The Use of Hungarian and Serbian in the City of Szabadka/Subotica : An Empirical Study


  • Siarl Ferdinand University of Wales Trinity St David in Lampeter
  • Flora Komlosi University of Wales Trinity St David in Lampeter



Serbian, Hungarian, minority languages, bilingualism, language vitality


In this study Ferdinand and Komlosi analyze the use of Hungarian and Serbian in the city of Szabadka/Subotica, which is located in the Serbian region of Northern Vajdaság/Vojvodina. A mostly Hungarian speaking city for centuries, Szabadka/Subotica suffered the strong pro-Serbian language policy implemented by the Yugoslavian government from the end of the First World War until the dismantlement of Yugoslavia in the 1990s, which gave Hungarian and other local minority languages a second chance to survive. Nowadays, Szabadka/Subotica is home to two main language groups, southern Slavic languages such a Serbian and Croatian (over sixty per cent) and Hungarian (thirty three per cent).
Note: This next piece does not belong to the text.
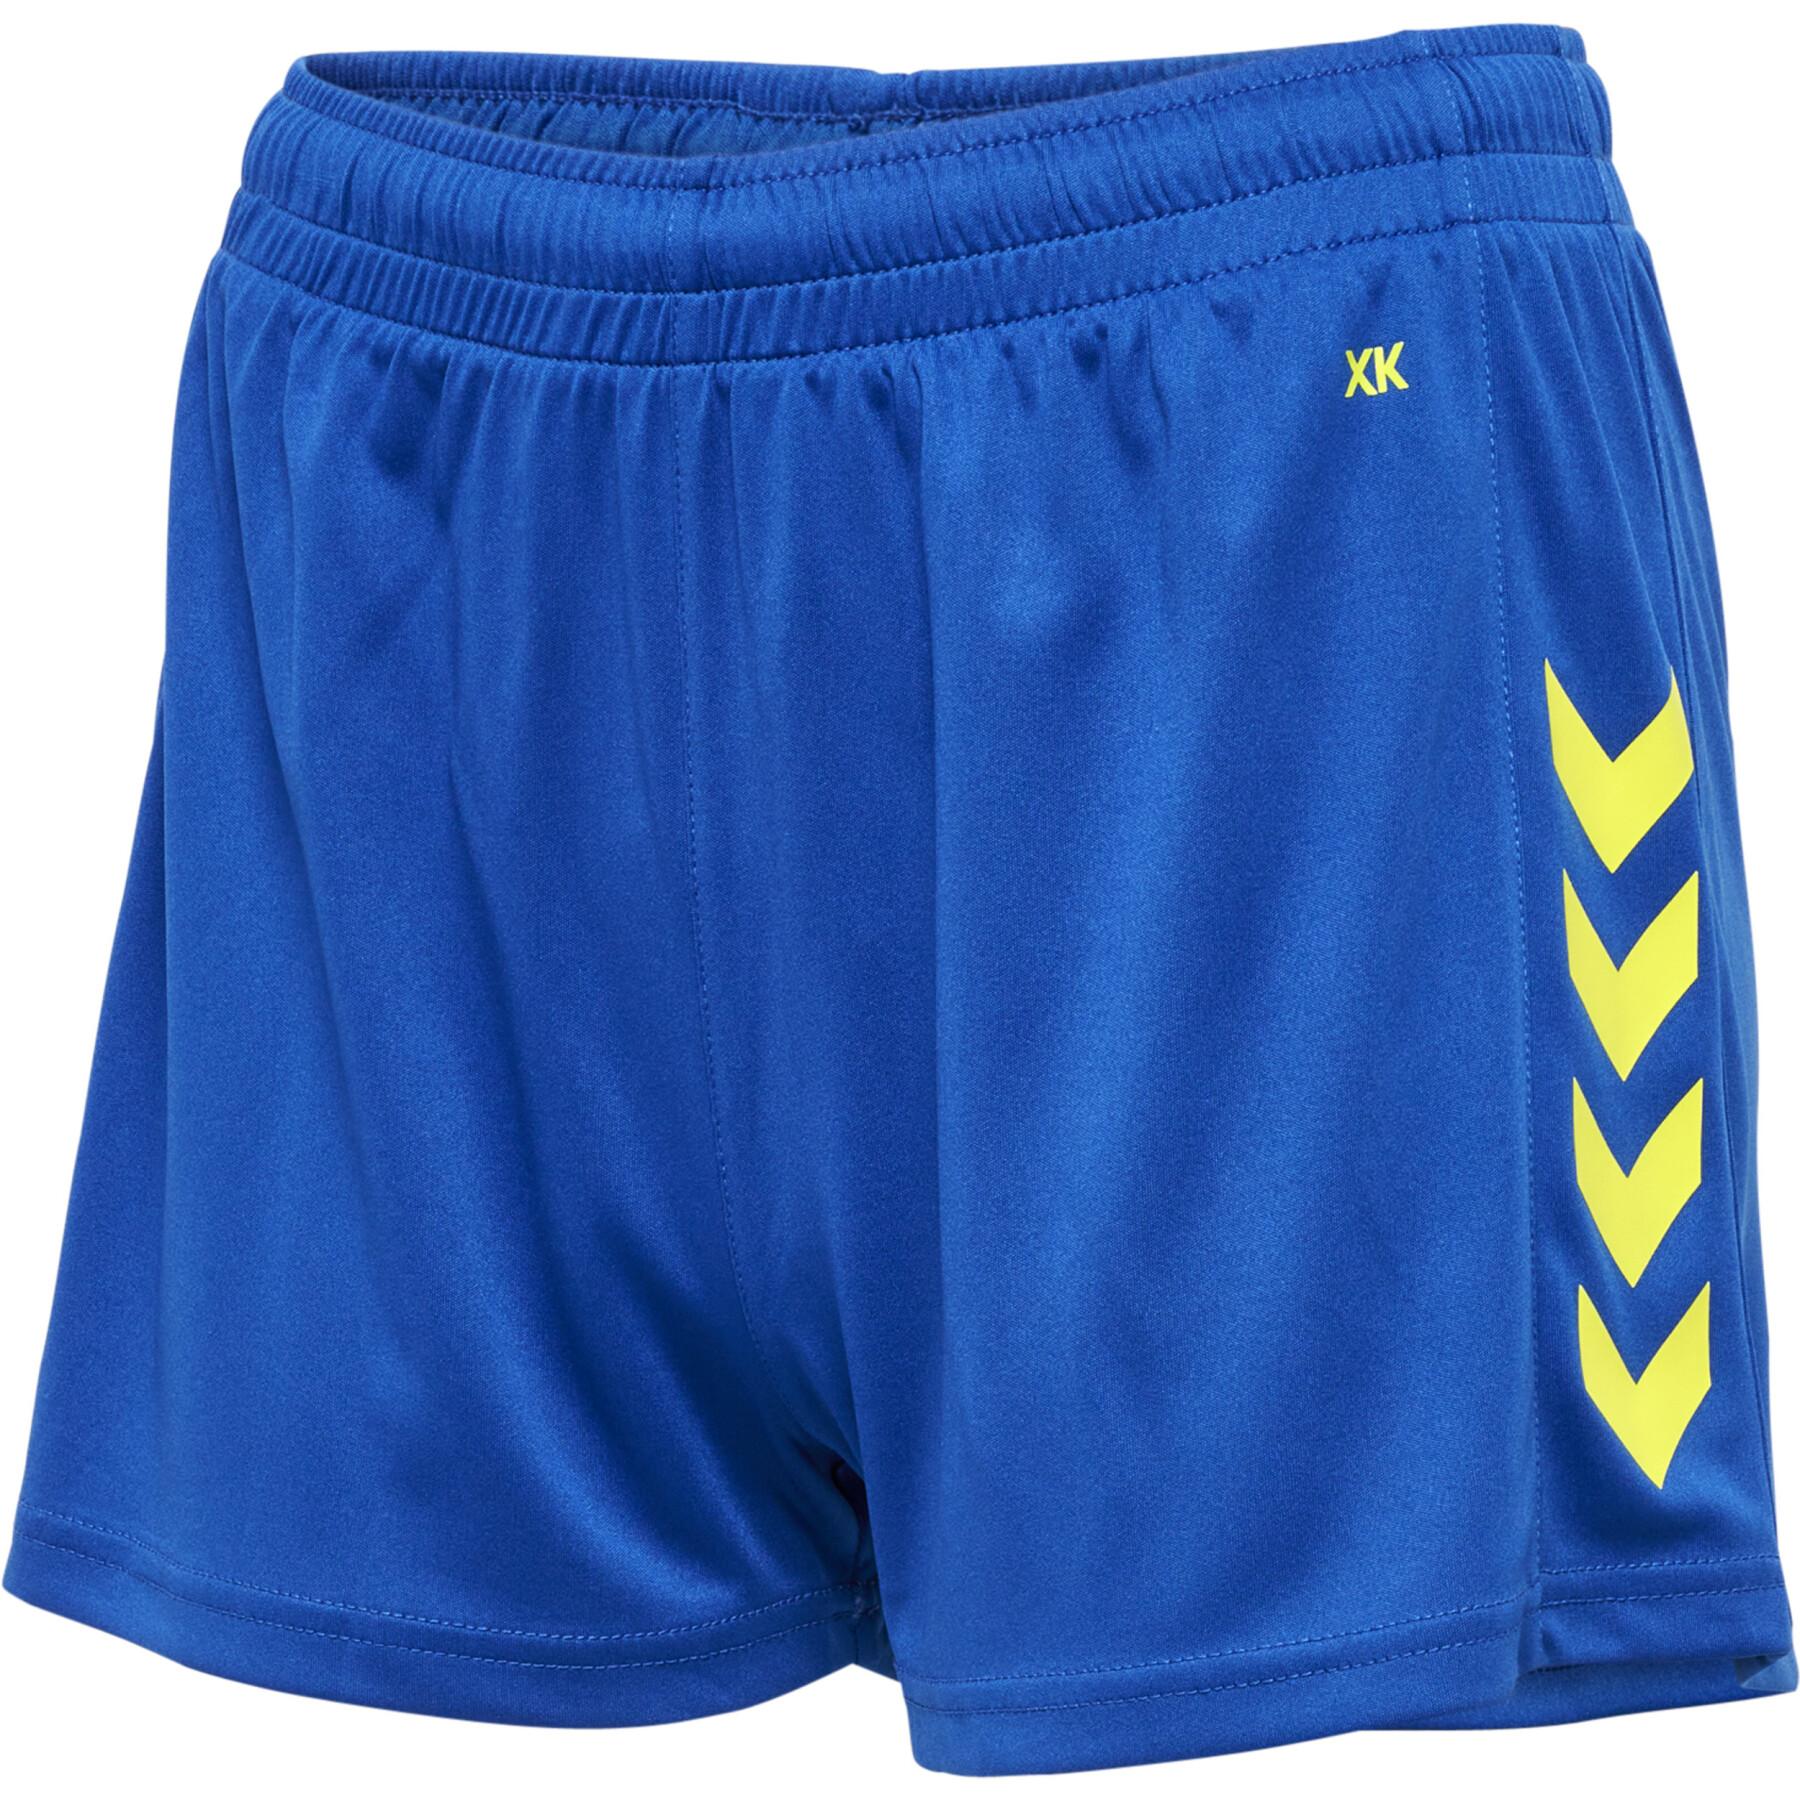 Women's polyester shorts Hummel XK - Hummel Brands - Handball

Although Ferdinand and Komlosi employed official figures from the Serbian censuses to determine the size of each group, the situation of each language was mapped through empirical observation of language use in informal conversations, in official signage, and in permanent as well as temporary commercial signage. The results show that the role of Serbian (mostly written in Latin script) is dominant in almost all spheres of public life and as a lingua franca among various groups. Nevertheless, Hungarian maintains a strong presence in the city, especially in the center and in its northwestern districts. In this paper, Ferdinand and Komlosi aim to contribute to a better general understanding of group dynamics in bilingual settings and, specifically, to provide a clearer view of the language situation in one of the Hungarian-speaking regions lost by the historic Kingdom of Hungary after World War I.